The Ethics of Timetravel

I recently talked about how time travel to the past is unlikely to be possible. That came with the label that we haven’t found a law that tells us that it’s impossible just yet. We have hints, but no certainty.

So what if time travel was suddenly possible? Who should be using it? For what reason? And with what limits?

Let’s look at different scenarios.

The past is fixed (12 monkeys)

Now if the past is fixed then time travel has no consequences. Actually, time travel and travelers might be an integral part of how history unravels.

People would obviously go back in time to study history, solve mysteries and find more about humanity’s past. Obviously, there’s very little ethics to discuss there. Be good, be safe, stay out of the limelight.

But what would happen if somebody didn’t follow those rules? With a solid unchanging past, the time traveler’s crimes have already been committed, and can’t be changed. So the consequences must already exist in the present.

A ‘time police’ force that can deal with the rogue time travelers could bring them to justice. They couldn’t stop the crimes, but for sure, they could administer a punishment.

But if we want ethics, answer this: if you could do a small immoral or illegal act with the intention of bothering an evil figure from history (like stealing a wallet from somebody) should you do it?

The past is constantly changing (Back to the Future, Terminator)

If the past can be rewritten then we are in big trouble. Because somebody at some point could discover time travel, and things would get messy.

Every action would cause ripple effects that couldn’t be predicted. I don’t think we Sapiens have the ability to deal with such an outcome.

No matter how careful we might think we are, a simple jump to the past could alter the entire course of our history.

The standard time travel example is ‘to go back and kill Hitler’. There’s usually a reply suggesting that killing Hitler might lead to an even worse leader, or maybe a prolonged instability in Europe leading to a nuclear war between the US and the USSR.

Killing Hitler doesn’t address the reasons why he rose to power. Even an extremely simplistic “Let’s convince World War I leaders to be more clement with Germany when signing the treaty of Versailles” could still lead to the rise of the Nazi party.

We might think that smaller acts would be better. Saving a loved one could lead to the death of someone else, or worse, many other people. In the words of Gandalf “Many that live deserve death. And some that die deserve life. Can you give it to them?
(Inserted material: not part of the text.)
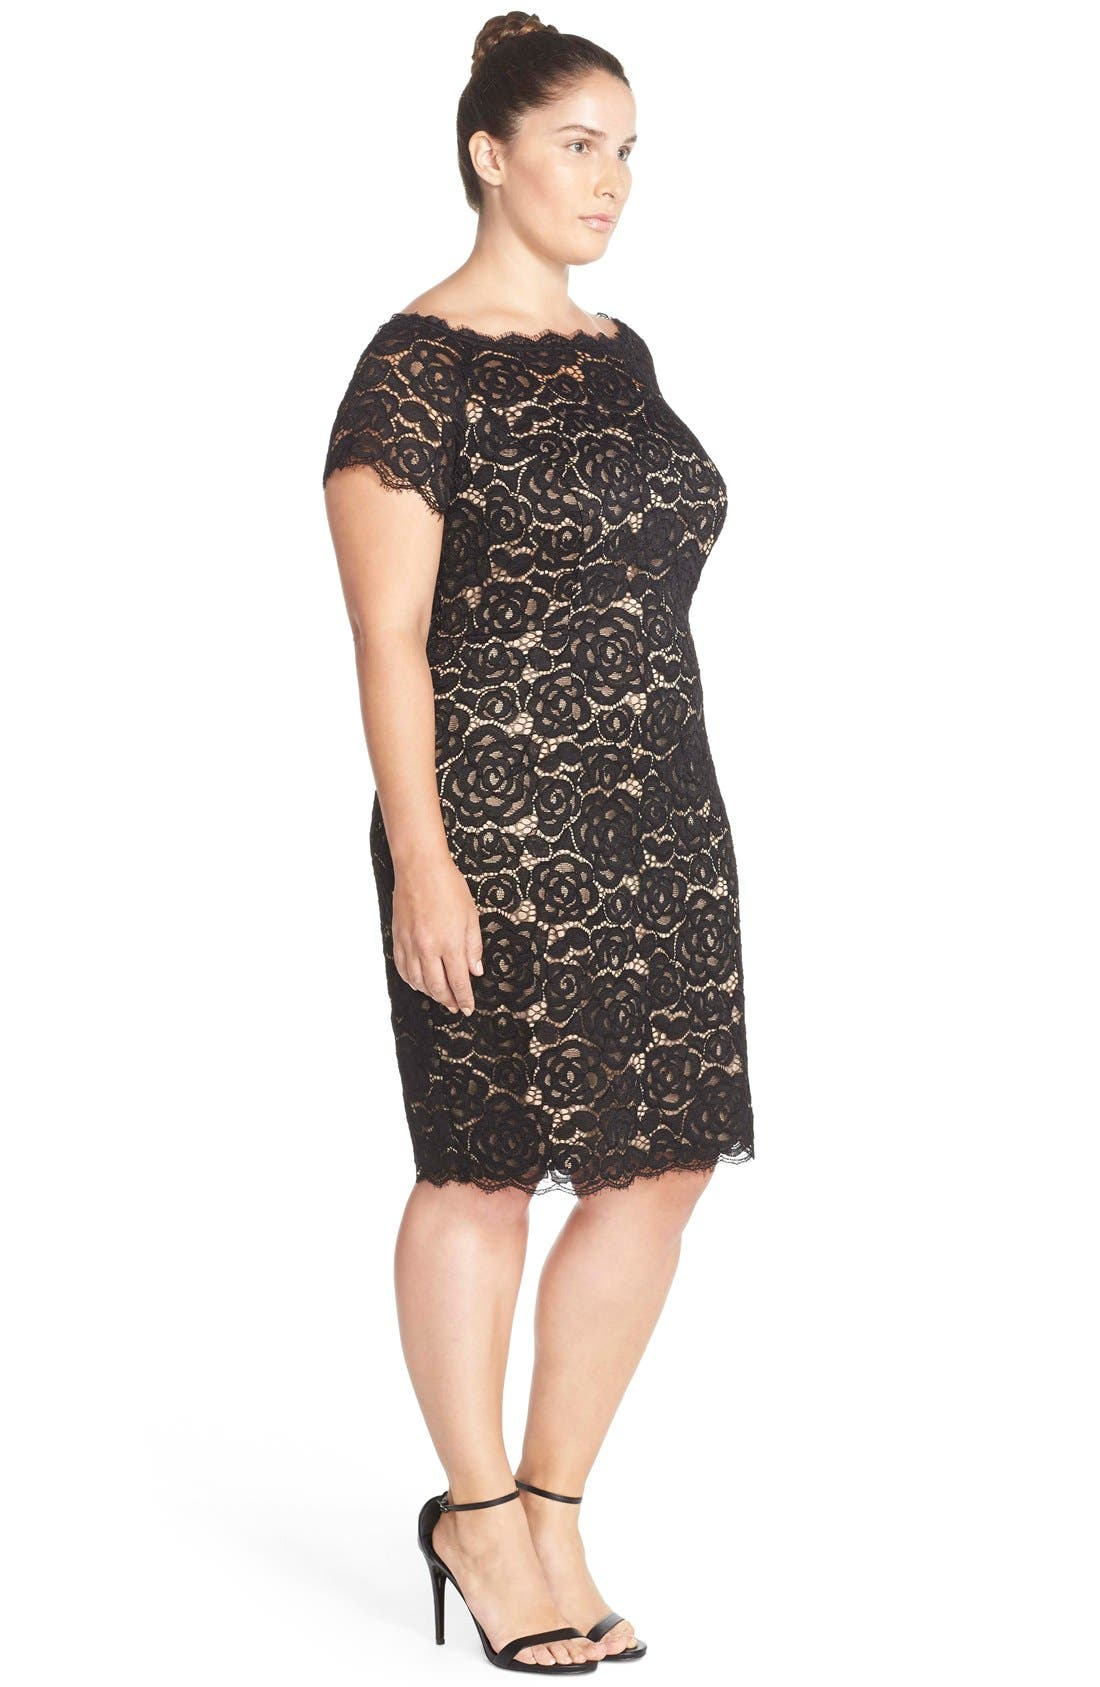 Off the Shoulder Lace Sheath Dress,                             Alternate thumbnail 6, color,                             BLACK/ NUDE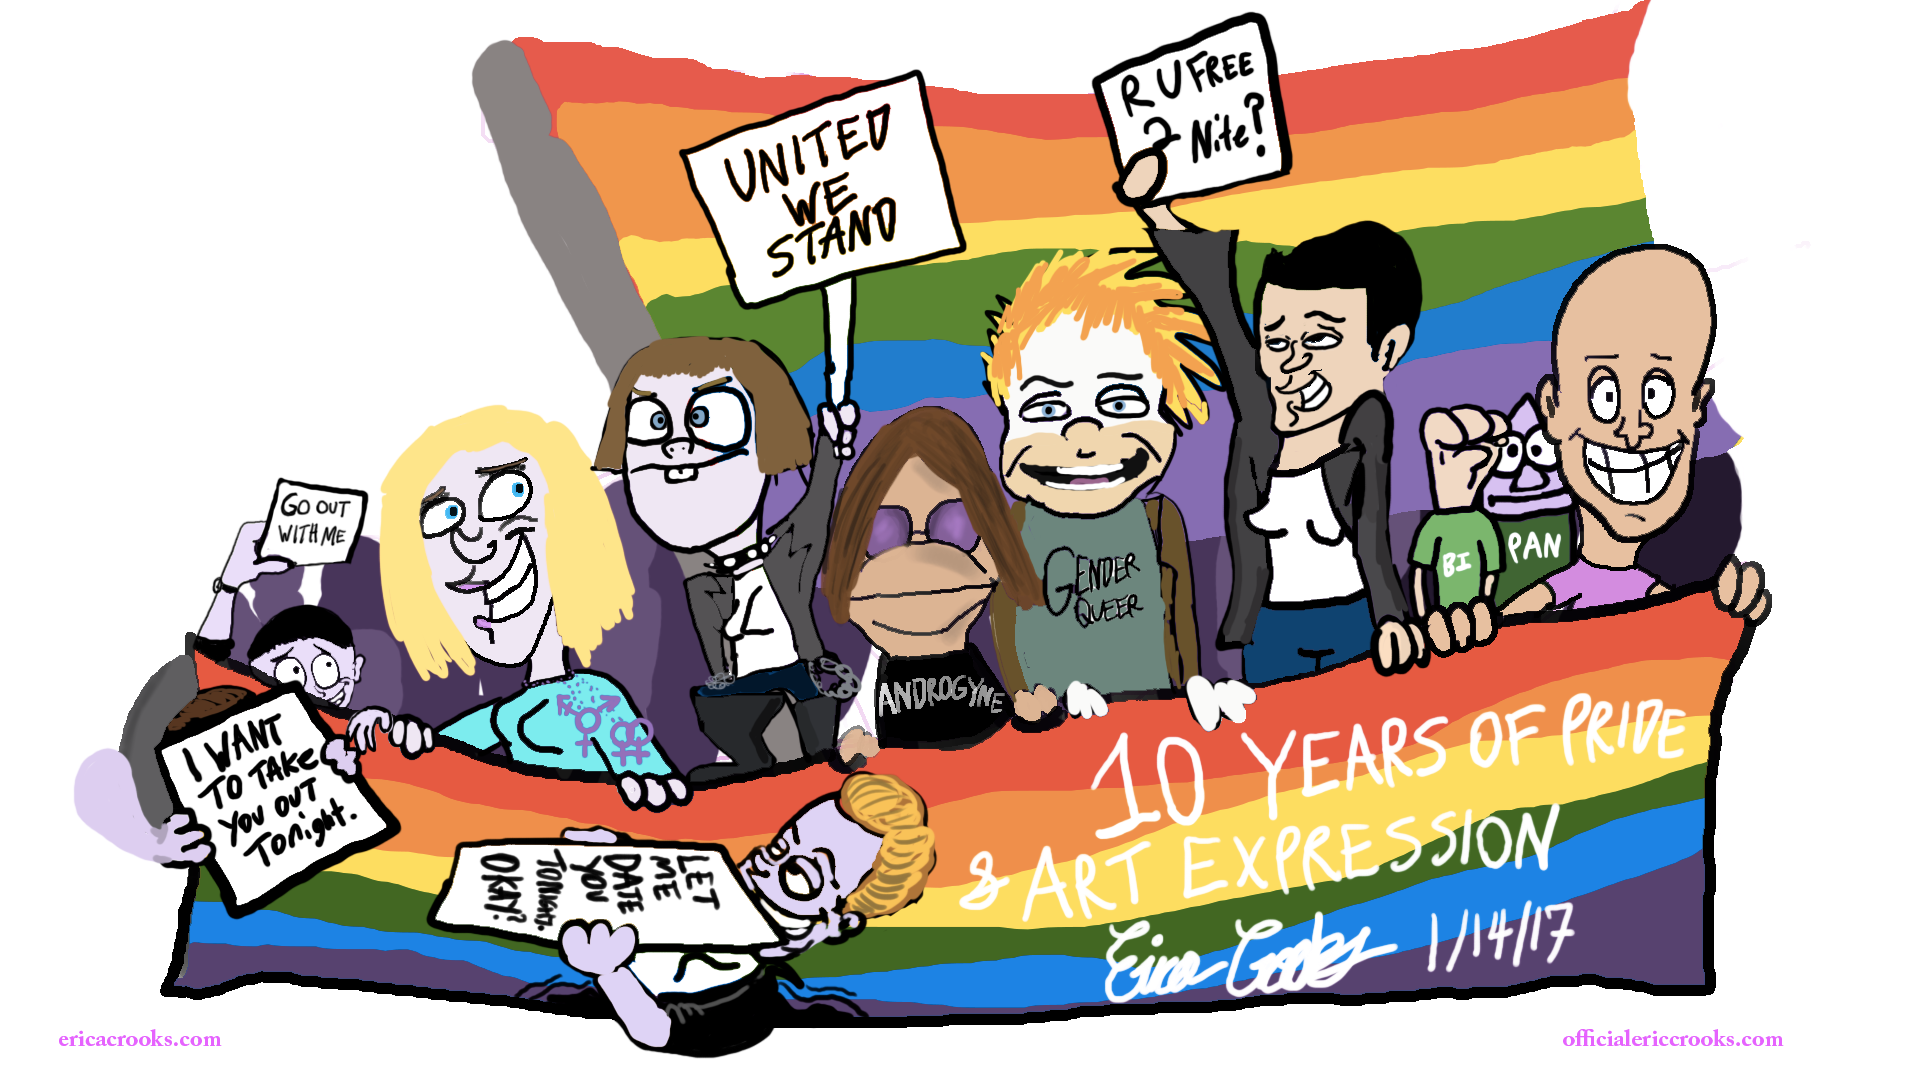 Erica Crooks - 10 years of LGBTQ Pride

Then do not be too eager to deal out death in judgment.”

An unbridled time stream will quickly go from clear to mucky, and god knows what mess we could make of it.

You can change certain things but not others. (Doctor who)

What if there are certain points in history that can’t be altered while others can be easily changed?

Both from a physical and philosophical point of view this is quite terrifying as it suggests that some events are destined to happen simply because the universe and the laws of physics make those events a lot more favourable.

This is a terrifying prospect from an ethical point of view. If physics determines fixed points in time, then some horrible events have happened due to the laws of physics.

A crucial law is about the energy of the system. Things tend to settle into the least energetic configurations. In this universe, some terrible things would happen simply because it was the easiest way. At the same time, good things would also happen because that’s the easiest way.

The ethics of this is a complicated mess.

If some good or some evil things are going to happen because of physics, that absolves any culprits of their responsibilities. You’d have partial free will and you could always justify ill actions by blaming the universe.


Each scenario is terribly difficult to deal with ethically and that could explain why time travelers are generally awful!